## Data excerpt
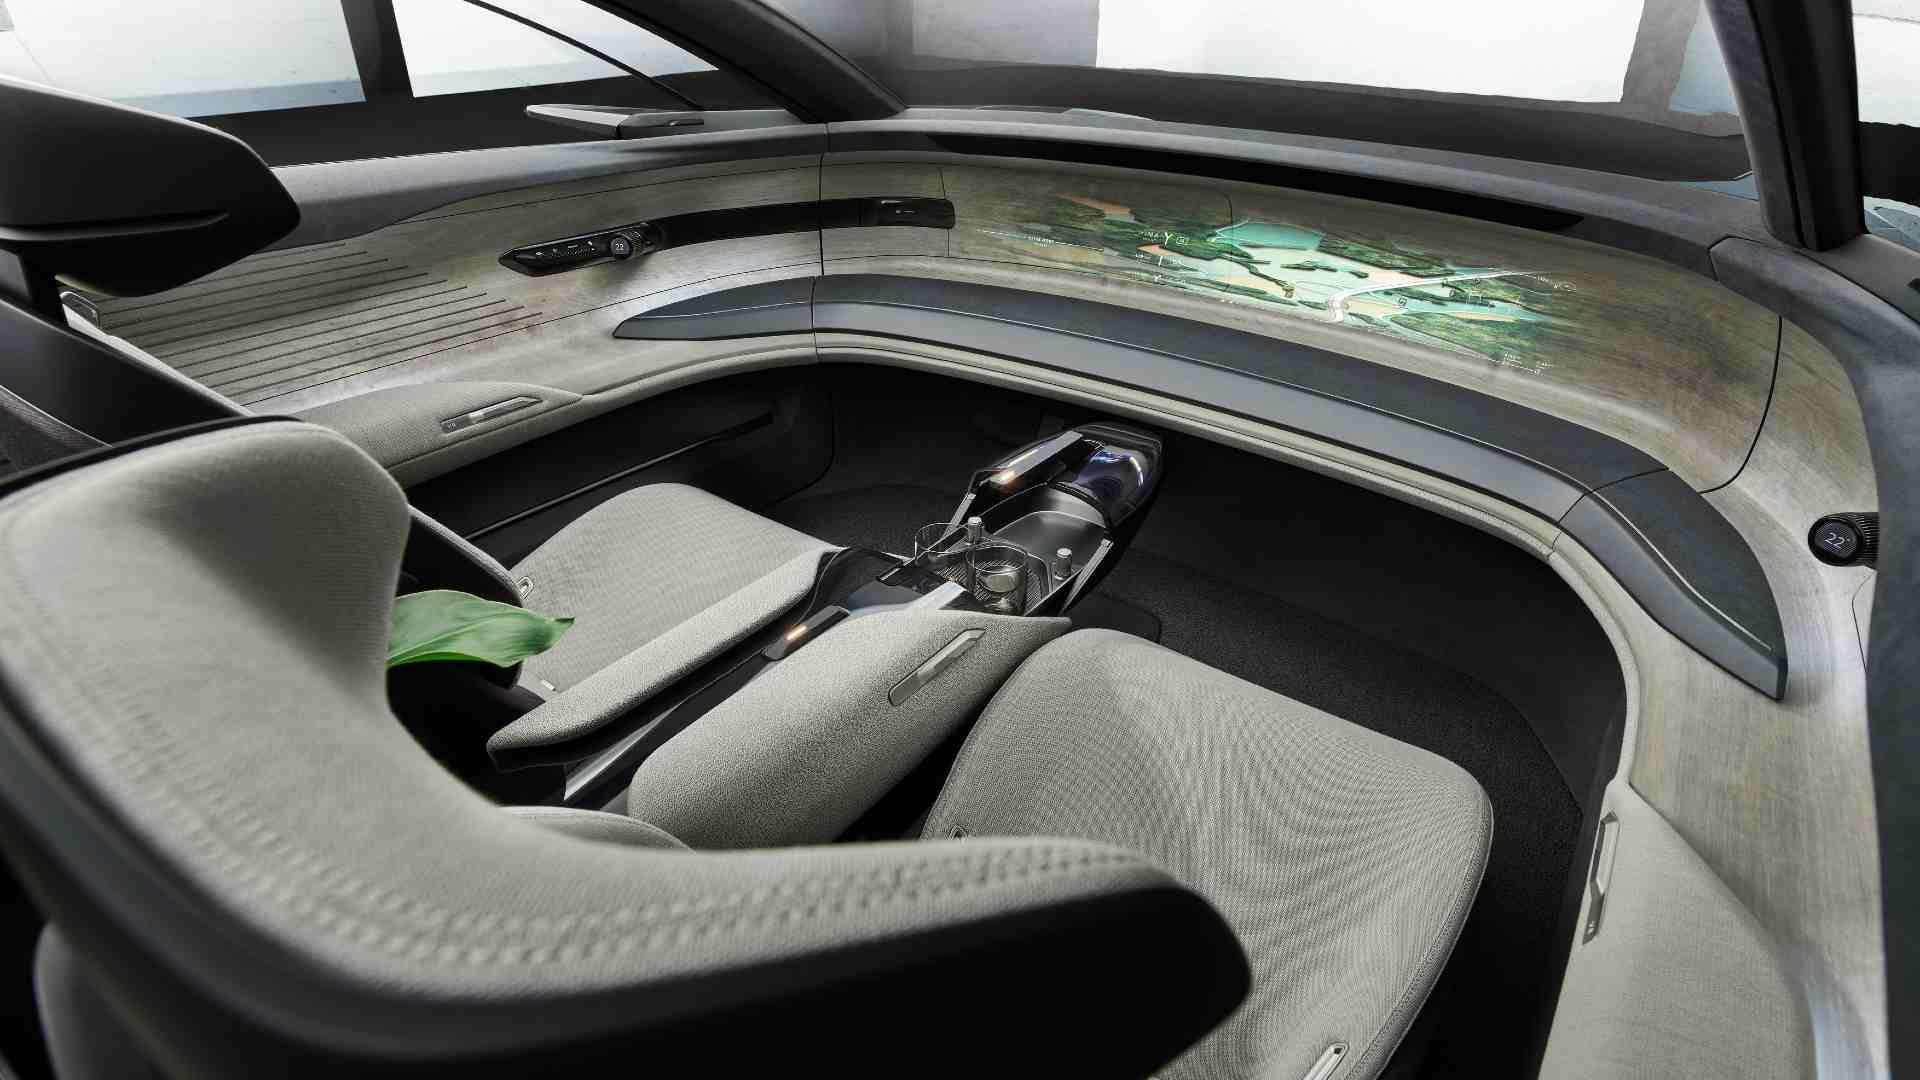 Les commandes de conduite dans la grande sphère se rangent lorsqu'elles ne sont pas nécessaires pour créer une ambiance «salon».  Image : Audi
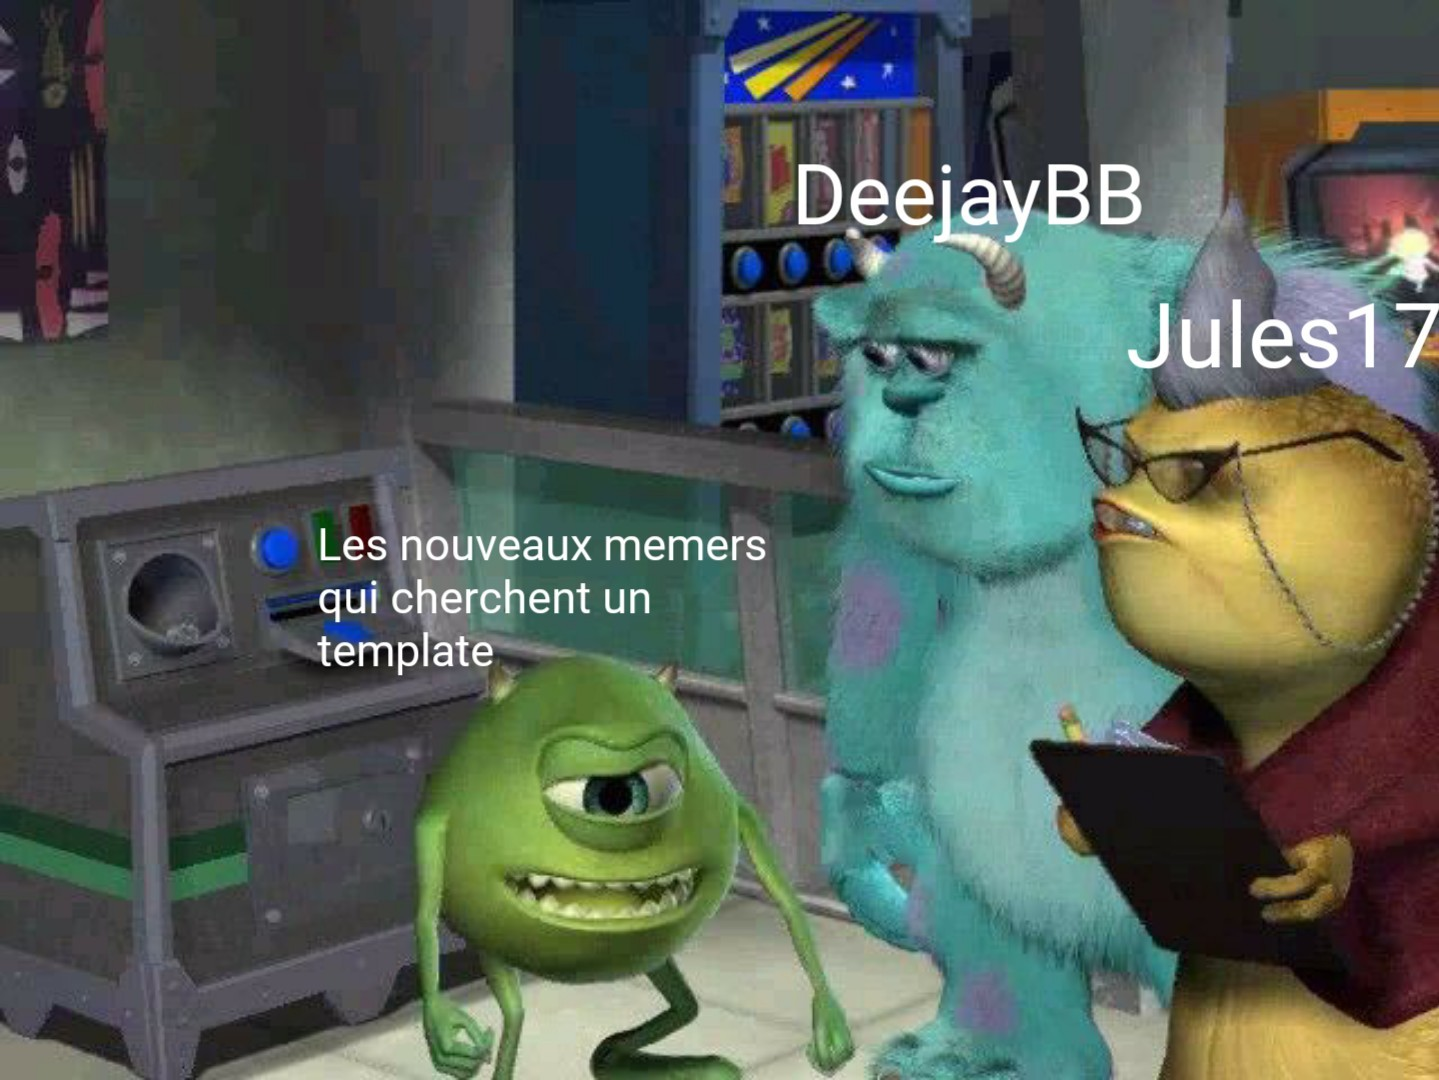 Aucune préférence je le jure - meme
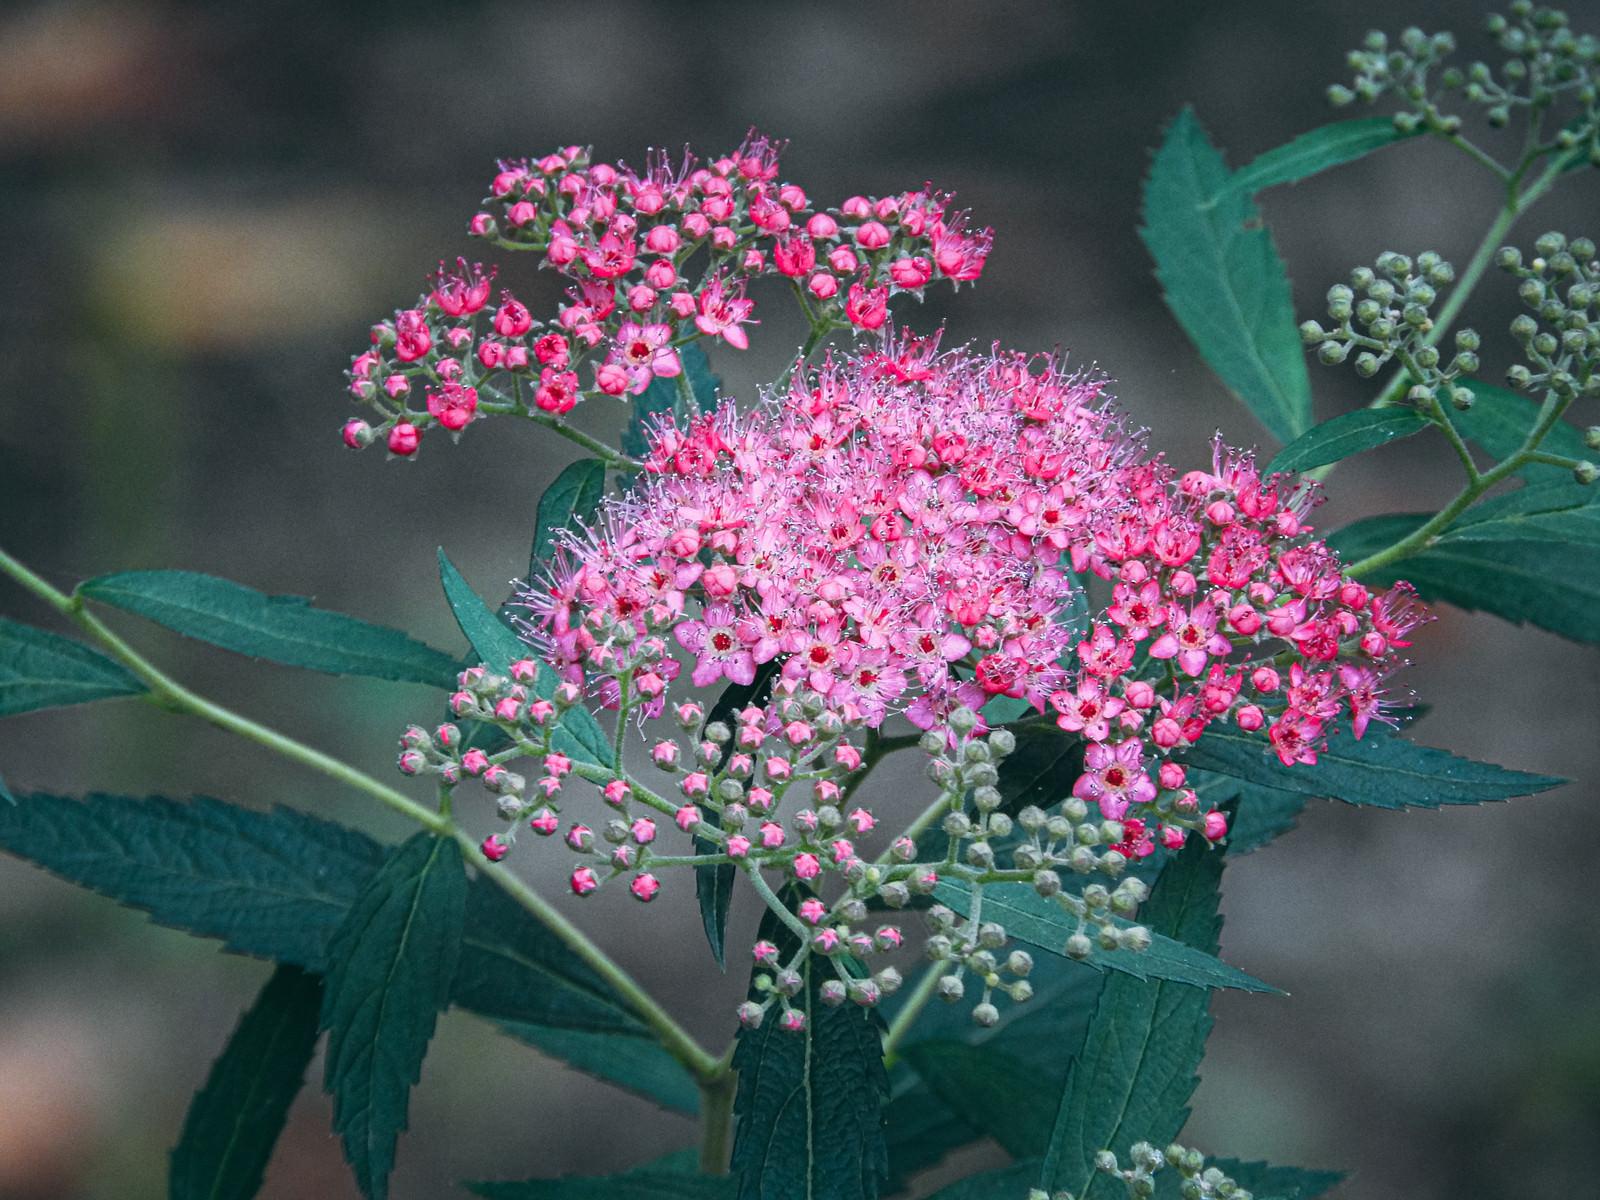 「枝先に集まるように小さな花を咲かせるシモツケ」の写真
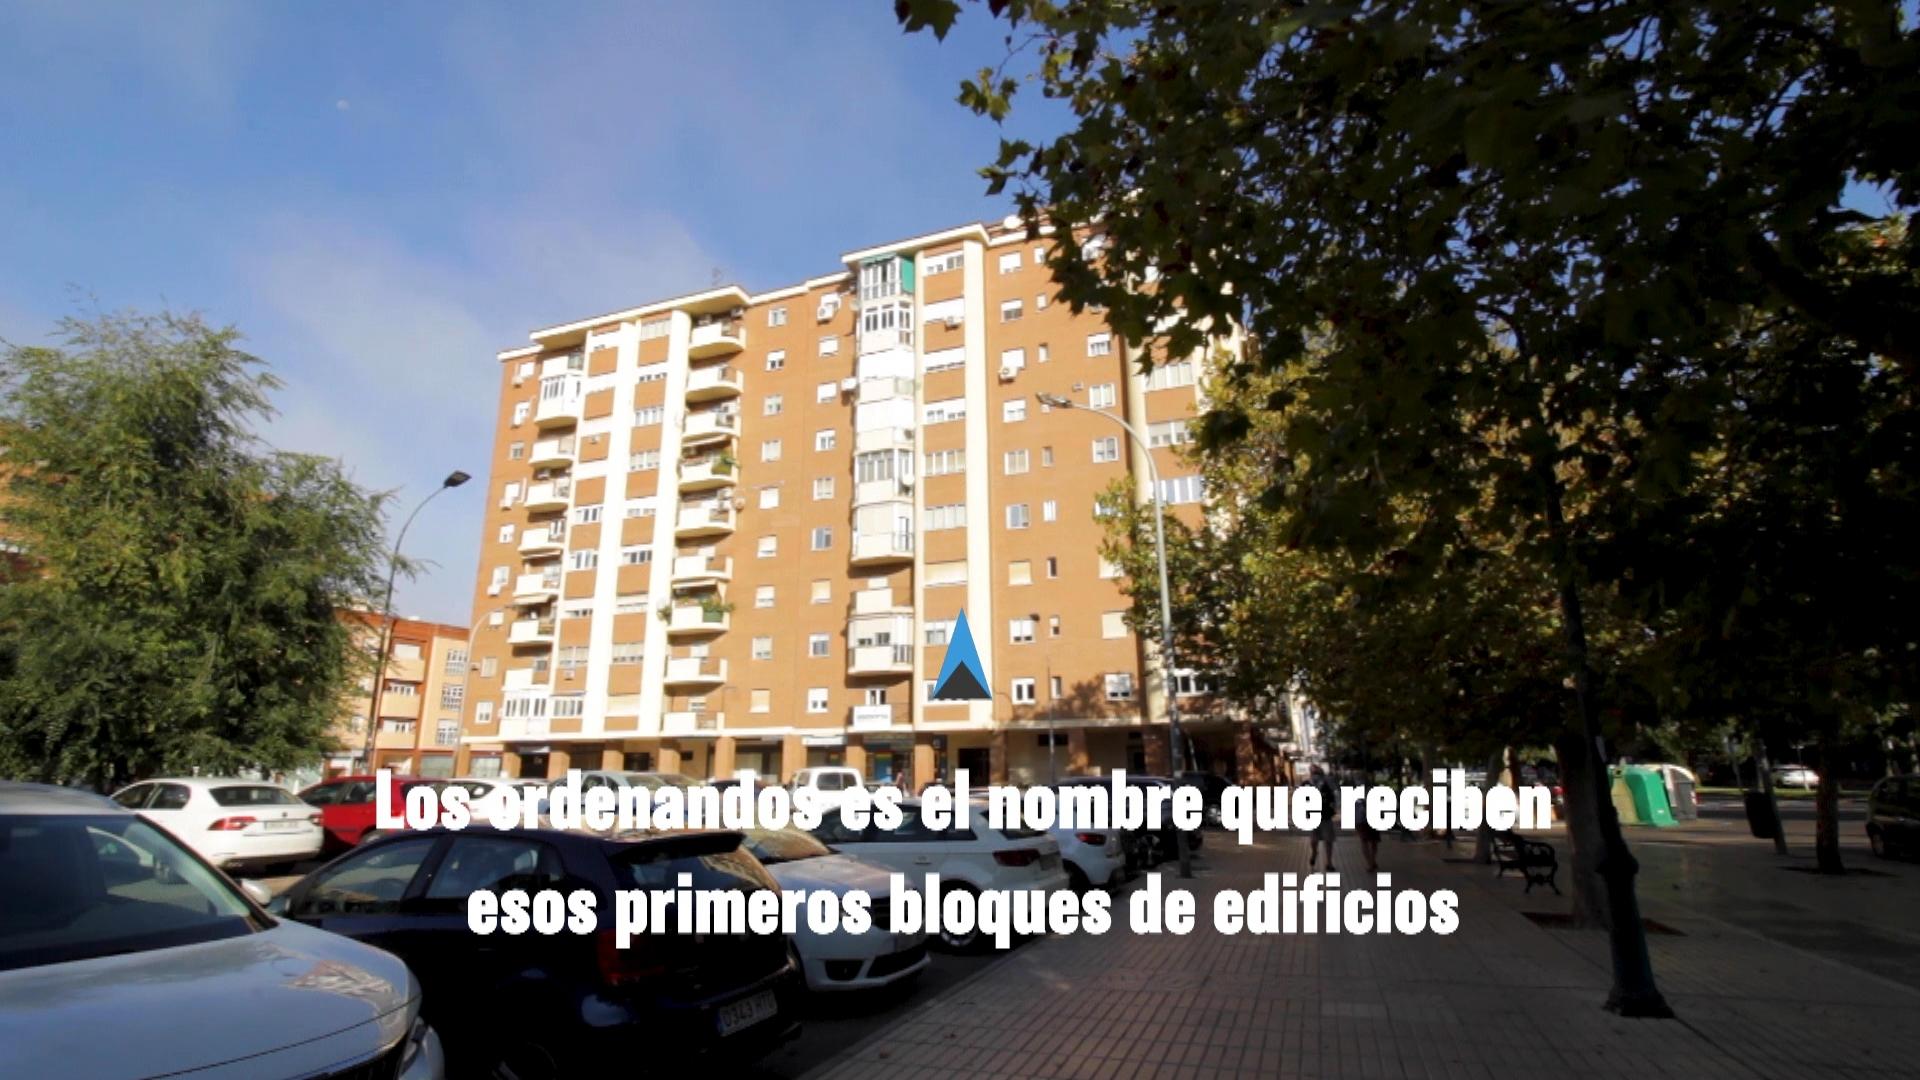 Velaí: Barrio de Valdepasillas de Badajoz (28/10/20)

## Aim of the task
Every line of the material must be reproduced verbatim; the pictures are to be omitted.

## Completed exercise
 Les commandes de conduite dans la grande sphère se rangent lorsqu'elles ne sont pas nécessaires pour créer une ambiance «salon».  Image : Audi
 Aucune préférence je le jure - meme
 「枝先に集まるように小さな花を咲かせるシモツケ」の写真
 Velaí: Barrio de Valdepasillas de Badajoz (28/10/20)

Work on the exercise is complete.